The law allows you to appoint someone you trust to decide about medical treatment options if you lose the ability to decide for yourself. You can do this by using a Durable Power of Attorney for Health Care or Health Care Proxy where you designate the person or persons to make such decisions on your behalf. You can allow your health care agent to decide about all health care or only about certain treatments. You may also give your agent instructions that he or she has to follow. Your agent can then ensure that health care professionals follow your wishes. Hospitals, doctors and other health care providers must follow your agent's decisions as if they were your own.
A Living Will informs others of your preferred medical treatment should you become permanently unconscious, terminally ill, or otherwise unable to make or communicate decisions regarding treatment. In conjunction with other estate planning tools, it can bring peace of mind and security while avoiding unnecessary expense and delay in the event of future incapacity.
Some medical providers have refused to release information, even to spouses and adult children authorized by durable medical powers of attorney, on the grounds that the 1996 Health Insurance Portability and Accountability Act, or HIPAA, prohibits such releases. In addition to the above documents, you should also sign a HIPAA authorization form that allows the release of medical information to your agents, your successor trustees, your family and other people whom you designate.
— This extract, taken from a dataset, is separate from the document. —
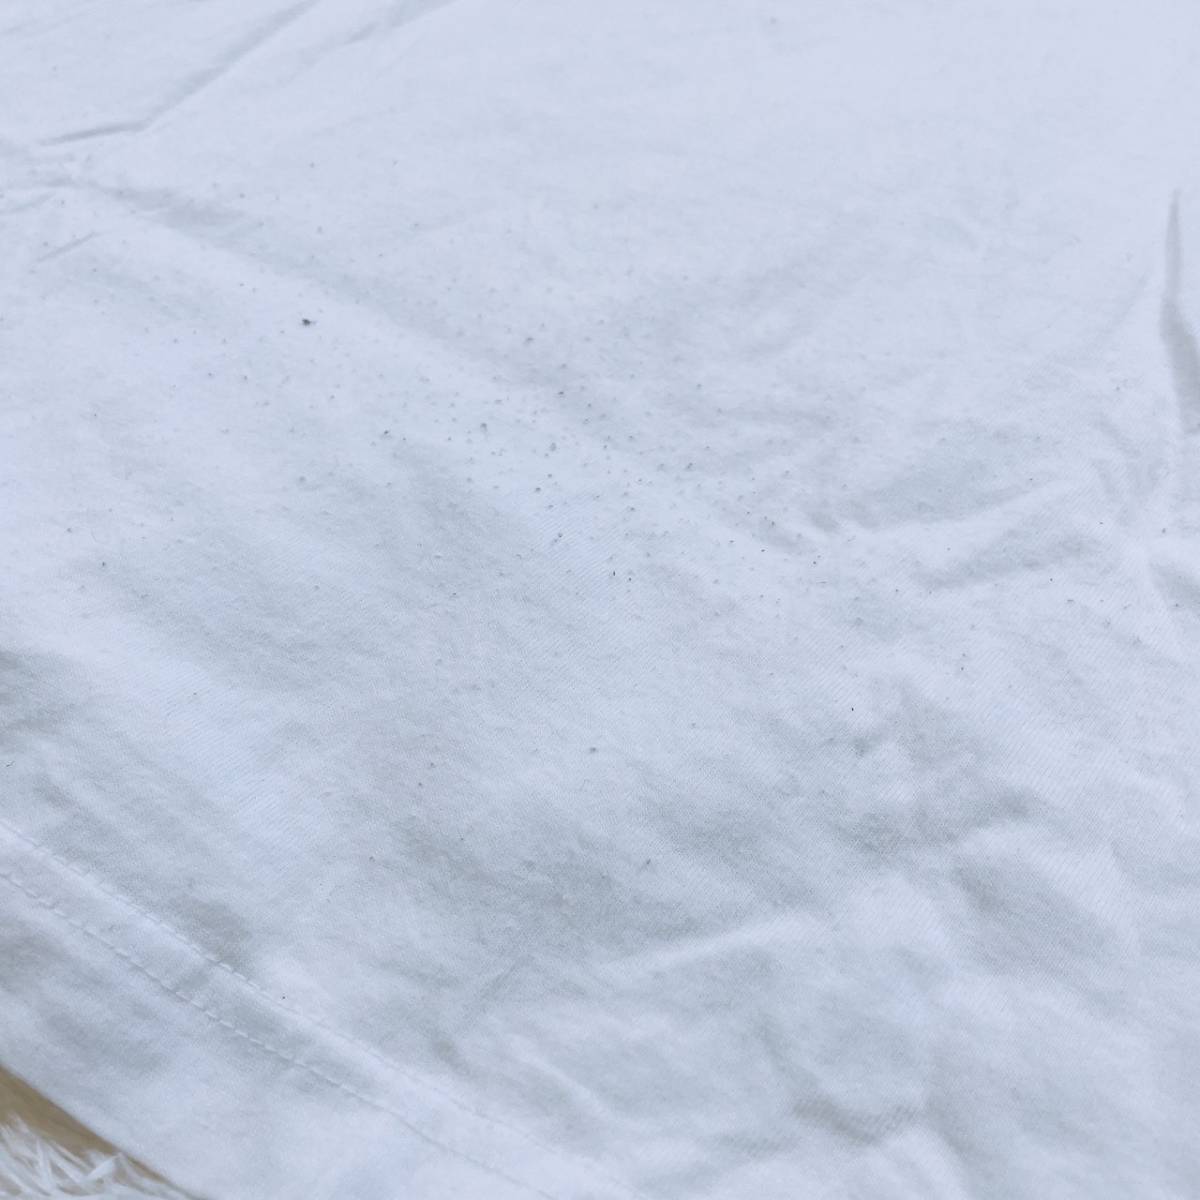 メンズL Hanes トップス シャツ 半袖シャツ Tシャツ 半袖Tシャツ カジュアルシャツ ホワイト 無地 丸ネック シンプル ヘインズ 【21414】

How do I name a guardian for my children?If you have children under the age of eighteen, you should designate a person or persons to be appointed guardian(s) over their person and property. Of course, if a surviving parent lives with the minor children (and has custody over them), he or she automatically continues to remain their sole guardian. This is true despite the fact that others may be named as the guardian in your estate planning documents. You should name at least one alternate guardian in case the primary guardian cannot serve or is not appointed by the court.
What does my estate include?
Your estate is simply everything that you own, anywhere in the world, including:
- Your home or any other real estate that you own
- Your business
- Your share of any joint accounts
- The full value of your retirement accounts
- Any life insurance policies that you own
- Any property owned by a trust, over which you have a significant control
Why is it important to establish an estate plan?
Sadly, many individuals don’t engage in formal estate planning because they don’t think that they have “a lot of assets” or mistakenly believe that their assets will be automatically shared among their children upon their passing. If you don’t make proper legal arrangements for the management of your assets and affairs after your passing, the state’s intestacy laws will take over upon your death. This often results in the wrong people getting your assets as well as higher estate taxes.
If you pass away without establishing an estate plan, your estate would undergo probate, a public, court-supervised proceeding. Probate can be expensive and tie up the assets of the deceased for a prolonged period before beneficiaries can receive them. Even worse, your failure to outline your intentions through proper estate planning can tear apart your family as each person maneuvers to be appointed with the authority to manage your affairs. Further, it is not unusual for bitter family feuds to ensue over modest sums of money or a family heirloom.